Smart Manufacturing Will Transform US Industry
Smart manufacturing—the integration of all facets of manufacturing through the use of information and communication technologies (ICT)—is set to transform the industrial sector and its use of energy, raw materials and labor over the next 20 years. A new report issued by the American Council for an Energy-Efficient Economy (ACEEE) examines energy savings opportunities in the industrial sector that are made possible by smart manufacturing.
The report, “The Energy Savings Potential of Smart Manufacturing,” is designed to show businesses leaders, utility program administrators and energy managers how to make US manufacturing more energy efficient, productive and competitive. It identifies the components of smart manufacturing, defines terms and connects those terms with the potential to manage and save energy in a new and innovative way.

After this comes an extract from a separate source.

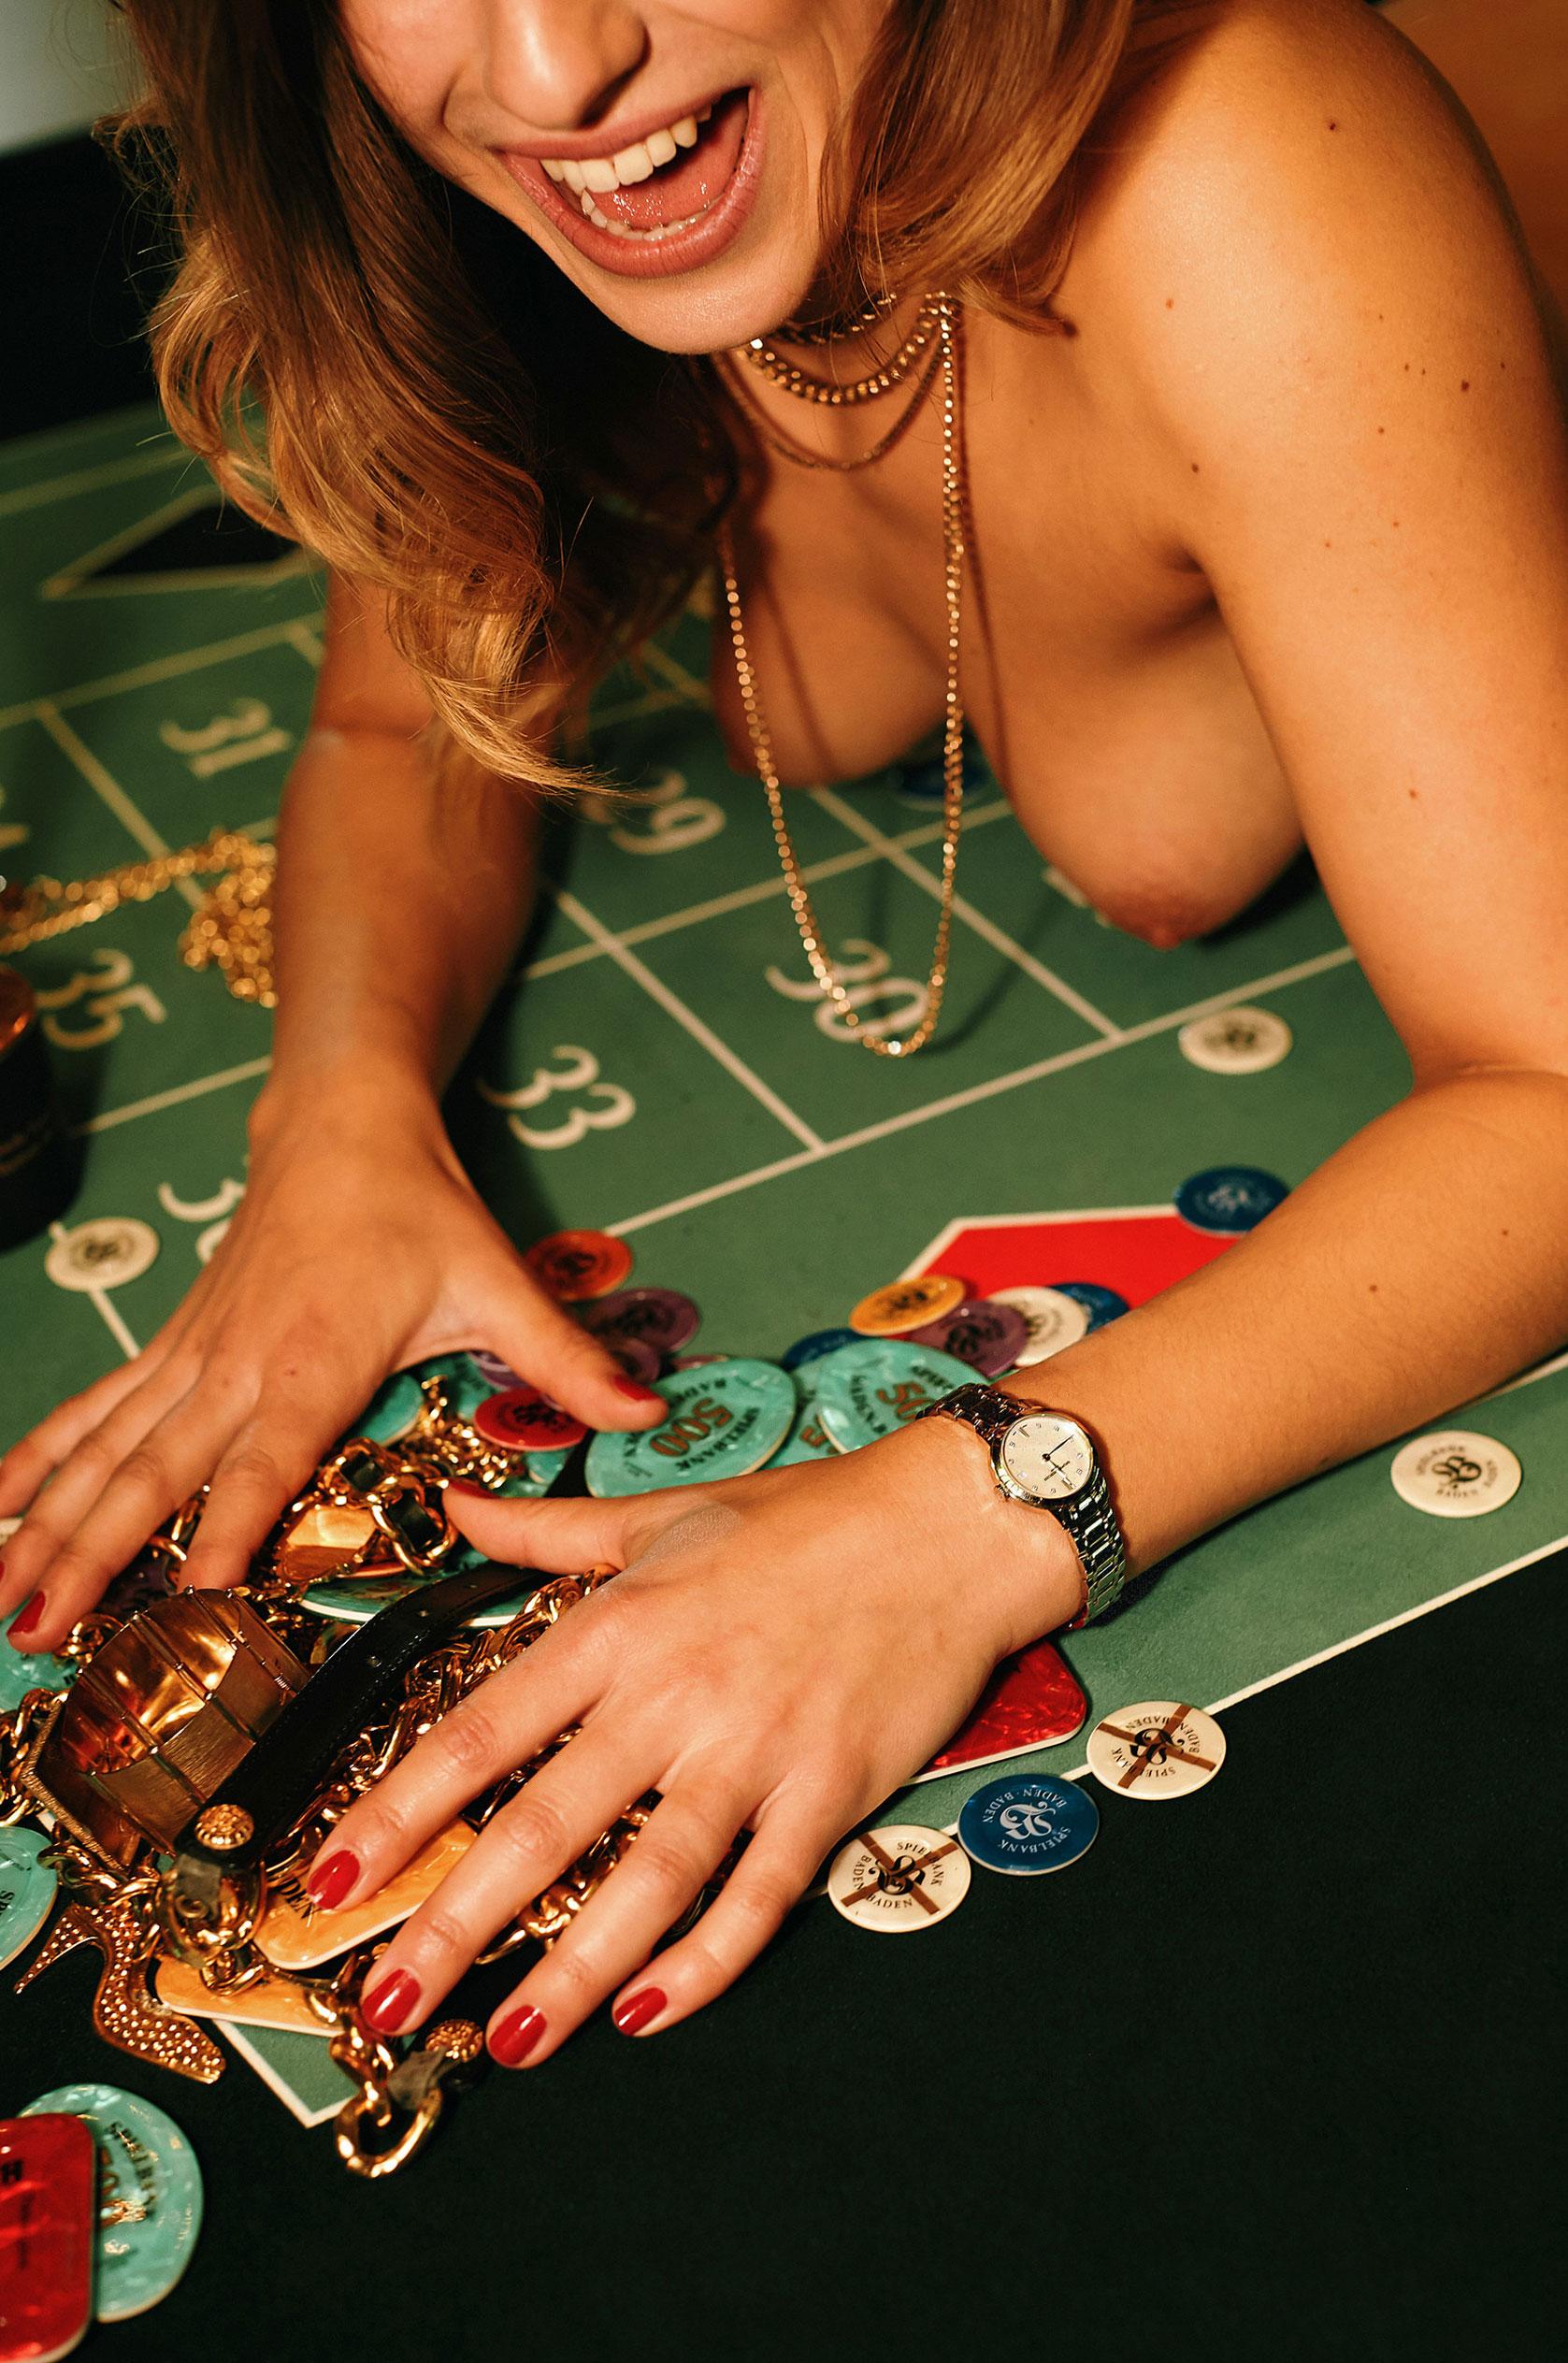 Девушка 2020-го года в Playboy Германия - Стелла Тиана Стегманн / фото 05

By integrating devices and systems in a network empowered with predictive and anticipatory capabilities, the industrial sector will be able to realize savings from manufacturing equipment, systems, processes and facilities. These same capabilities also have the potential to simplify and automate the evaluation, measurement and validation of energy savings, which in turn will create new opportunities for firms to realize value from utility demand response and energy efficiency programs.
However, before smart manufacturing can transform the industrial sector the cost must come down, ACEEE said. That will require the adoption of common communication and network protocols and standards. It will also require improved data security and appropriately trained workers who know how to develop and use smart manufacturing tools. Fortunately, industry and government are coming together in efforts to address the details and develop new frameworks that will enable easier and broader adoption of smart manufacturing.
Because smart manufacturing puts more power in businesses’ hands to reduce their costs, its widespread adoption is almost assured, ACEEE predicts. In a few decades it will transform the industrial sector and fundamentally alter the way products are manufactured. The United States will produce more and more goods for less and less energy.
The report is intended to enable more informed energy efficiency decision making in the manufacturing sector, program development in the efficiency sector and policy discussions in the utility and public sectors.